When I said at the beginning of this review that this book is dark, I meant it. There are some themes here a lot of readers will struggle with. TWs for sexual assault, abuse, violence, suicide, institutionalization, breath play, knife play, animal cruelty, torture, murder, hallucinations, panic attacks, severe mental health issues, and probably several others I just can’t remember right now.
On a more positive note, everything that happens between Lucian and Izzy is consensual. He’s not the typical abusive asshole you find in a lot of dark romances. Consent matters to him, and while he’s openly enamored with the fantasy of forcing Izzy, it’s only the fantasy he’s attracted to, and he wouldn’t pursue it without her agreement – actual rape is horrifying to him.
So while I loved this book, I can’t gushingly recommend it like I would with any other five-star read. But if you might be okay with those triggers, then my god do you have one hell of a book to look forward to.
There are several overlapping plots in this, each a mystery unto itself, but the main one is Lucian. That’s right, this author managed to make the male lead into such an enigma that I spent 3/4 of this voraciously consuming his backstory and still I want more. What drives someone with such dark desires? How did he become the person that he is today? Is he really as mad as everyone says? And if he is, how the hell can he and Izzy ever be happy together? Especially when Izzy might not be the innocent 19-year-old I first believed her to be.
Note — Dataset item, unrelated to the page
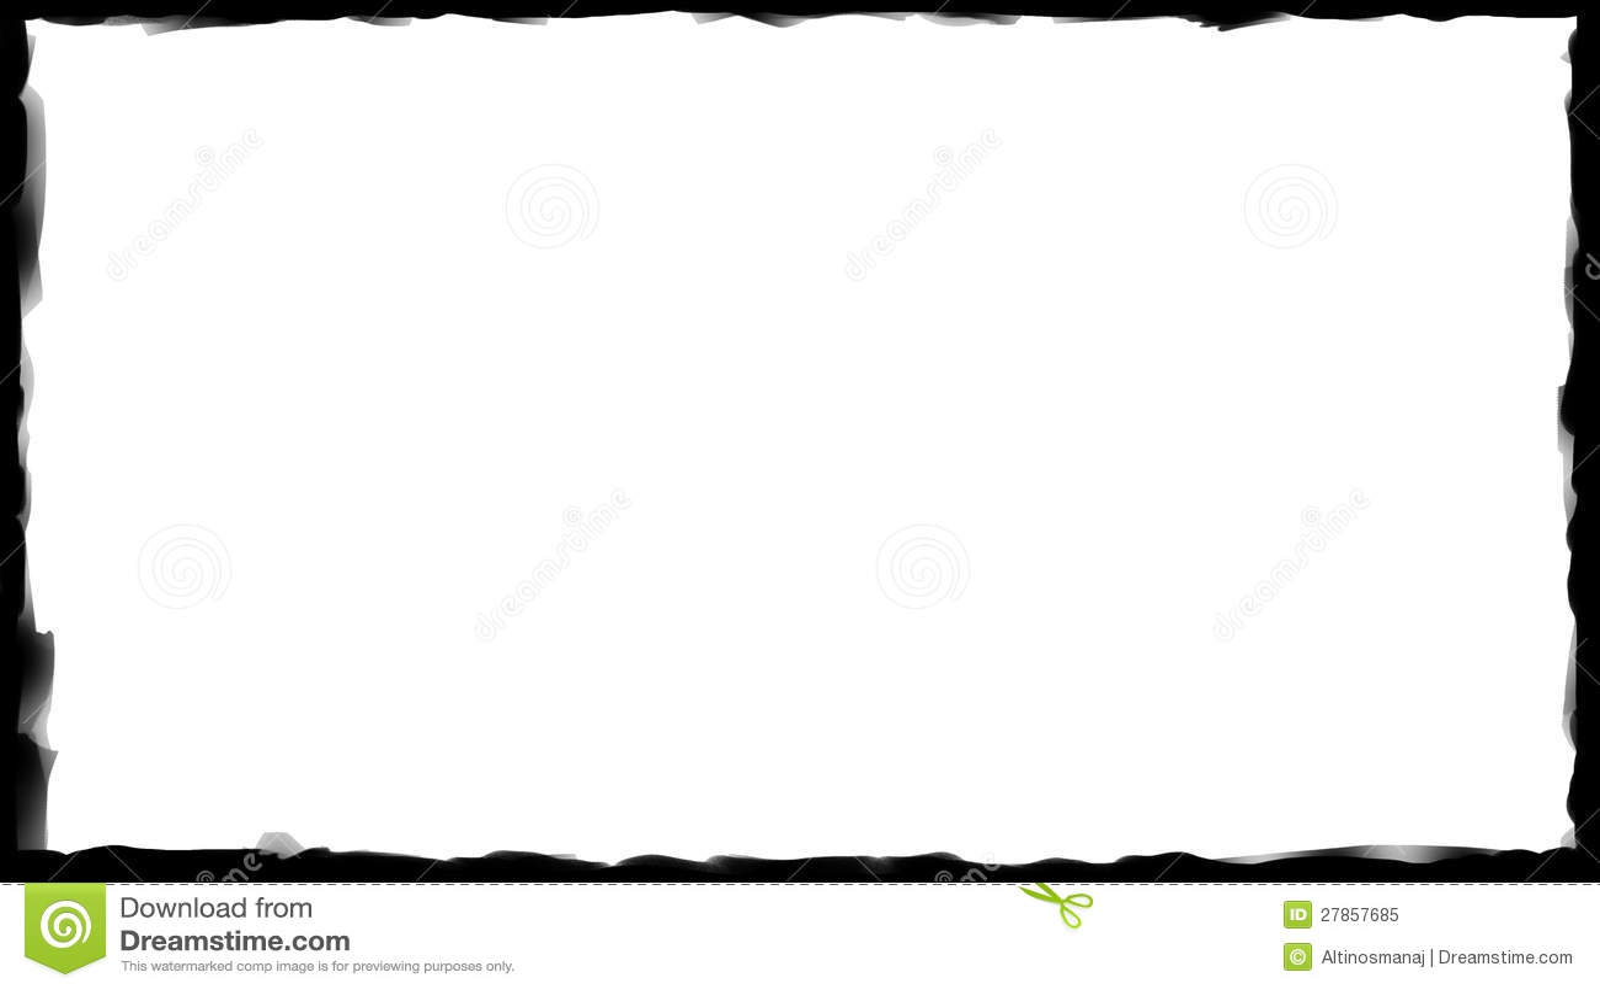 Black Border Frame - Brush Stroke 04 Stock Image - Image ...

I don’t want to really get into any specifics with this because there are so many potential spoilers that I might veer too close to, and really, this is a book that should be read instead of read about.
I do have one regret about Izzy’s character, and it’s that she didn’t have as much progression as I would have liked to see. Actually, she had a lot of growth overall. What I’m really trying to say is that she didn’t embrace part of herself as much as I hoped she would. Because if she had: dark phoenix rising. My god, did want. So maybe that says more about me than anything else, lol.
I also had one or two issues toward the end, and I almost dropped the rating to four stars instead of five because of it. I just couldn’t do that, though, because overall, I fucking loved this book, and I know I’ll end up re-reading it whenever I’m in the mood for something deliciously dark. It will stay with me for weeks to come, and that, more than anything else, speaks volumes about how much it meant to me.